A lawsuit lodged against First Guaranty Mortgage Corp. by former employees was given class-action status by a federal bankruptcy judge in mid-January.

The class-action suit, currently made up of 425 employees, alleges that the Plano, Texas-based lender failed to adhere to Worker Adjustment and Retraining Notification (WARN) requirements when it laid employees off “without cause” or notice in June. Soon after, the company declared bankruptcy.

Per the WARN Act, employers are required to provide written notice to employees at least 60 calendar days in advance of a mass layoff, though some exceptions do exist. 

Plaintiffs of the class-action suit – which was given a green light by Judge Craig T. Goldblatt of the U.S. Bankruptcy Court for the District of Delaware on Jan. 11— claim that their employer’s violation of the WARN Act entitles them to receive damages from the lender, including “unpaid wages, salary, commissions, bonuses and accrued holiday pay.”

FGMC declined to comment.

In June, FGMC explained that the layoffs were a result of “significant operating losses and cash-flow challenges due to unforeseen historical adverse market conditions for the mortgage lending industry.”

Soon after, FGMC and its affiliate, Maverick II Holdings LLC, announced that they would be filing for bankruptcy and seeking Chapter 11 protection.

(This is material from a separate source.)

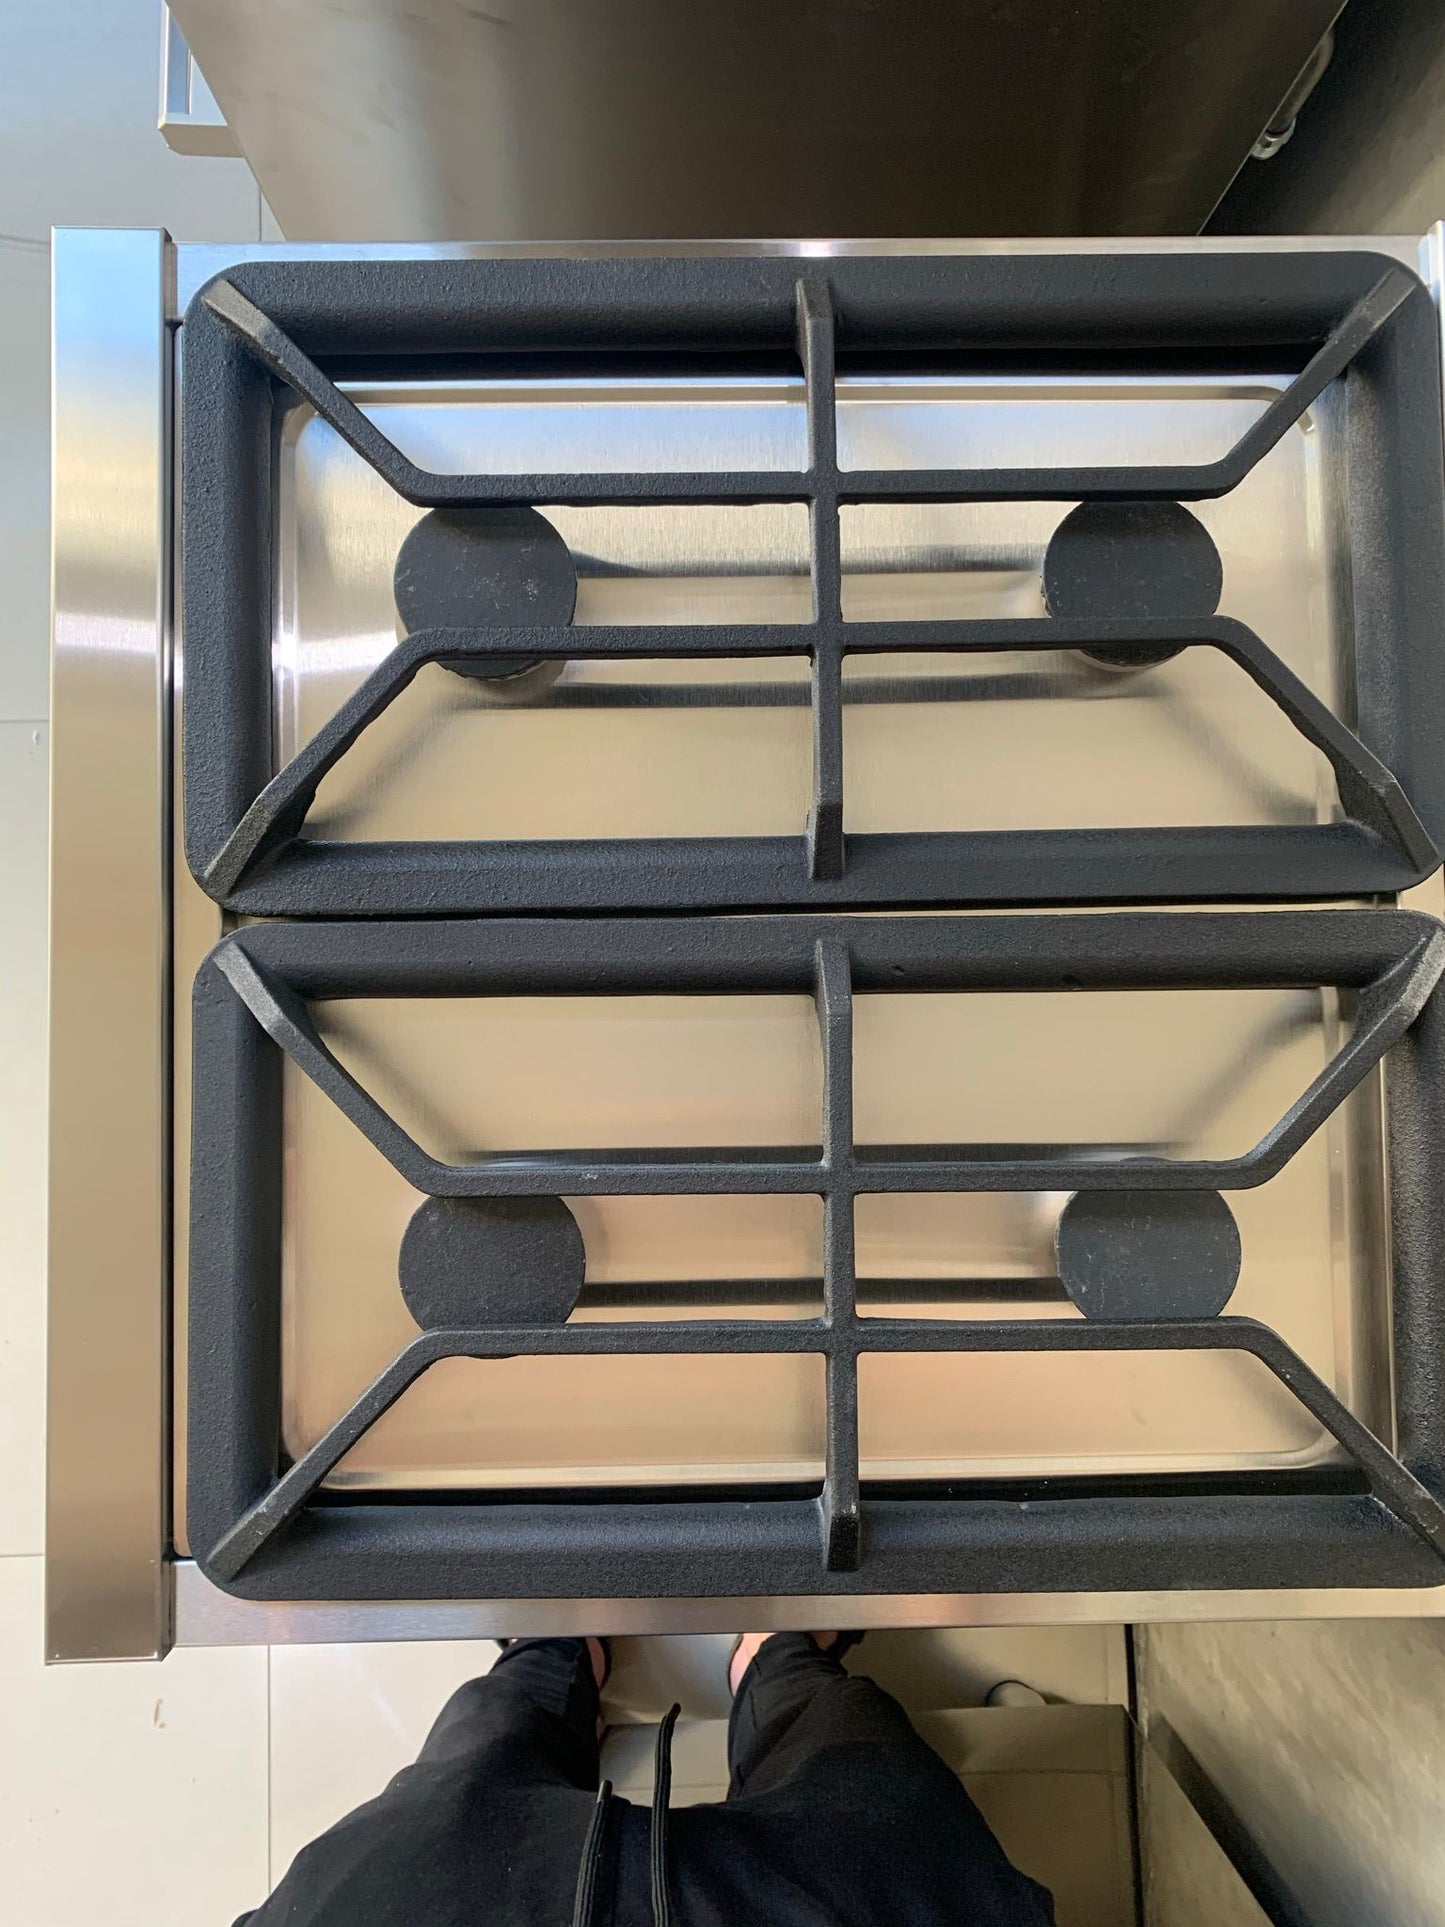 Cocina Semi Industrial con Puerta Visor de Vidrio 55 cm Cook & Food

The class action lawsuit was originally filed on June 30, 2022. Plaintiffs claimed that the lender “carried out mass layoffs and/or plant closings at its facilities in April 2022 and later on June 24, 2022, terminating hundreds of its employees without cause and without 60 days’ notice.”

Three months later, FGMC denied violating the WARN Act. The lender said it acted in good faith and that FGMC is not liable due to “unforeseeable business circumstances” and “faltering company” exceptions under the WARN Act.

Exceptions to the WARN Act’s 60-day notice period include a natural disaster, a faltering company scenario, and unforeseen business circumstances.  First Guaranty Mortgage Corp. in a WARN cited an unsuccessful effort to obtain funding before its June bankruptcy. 

Per the class action suit, FGMC has 10 business days to provide the class counsel with an electronic spreadsheet containing the names and known addresses of former employees. Those contacted have 35 days to opt out of the class action suit.

Lori Buckley, Gayle Zech, Roberta Martinez, Jennifer Jackson and James Davies, who filed the original class-action suit, will serve as representative of all employees involved.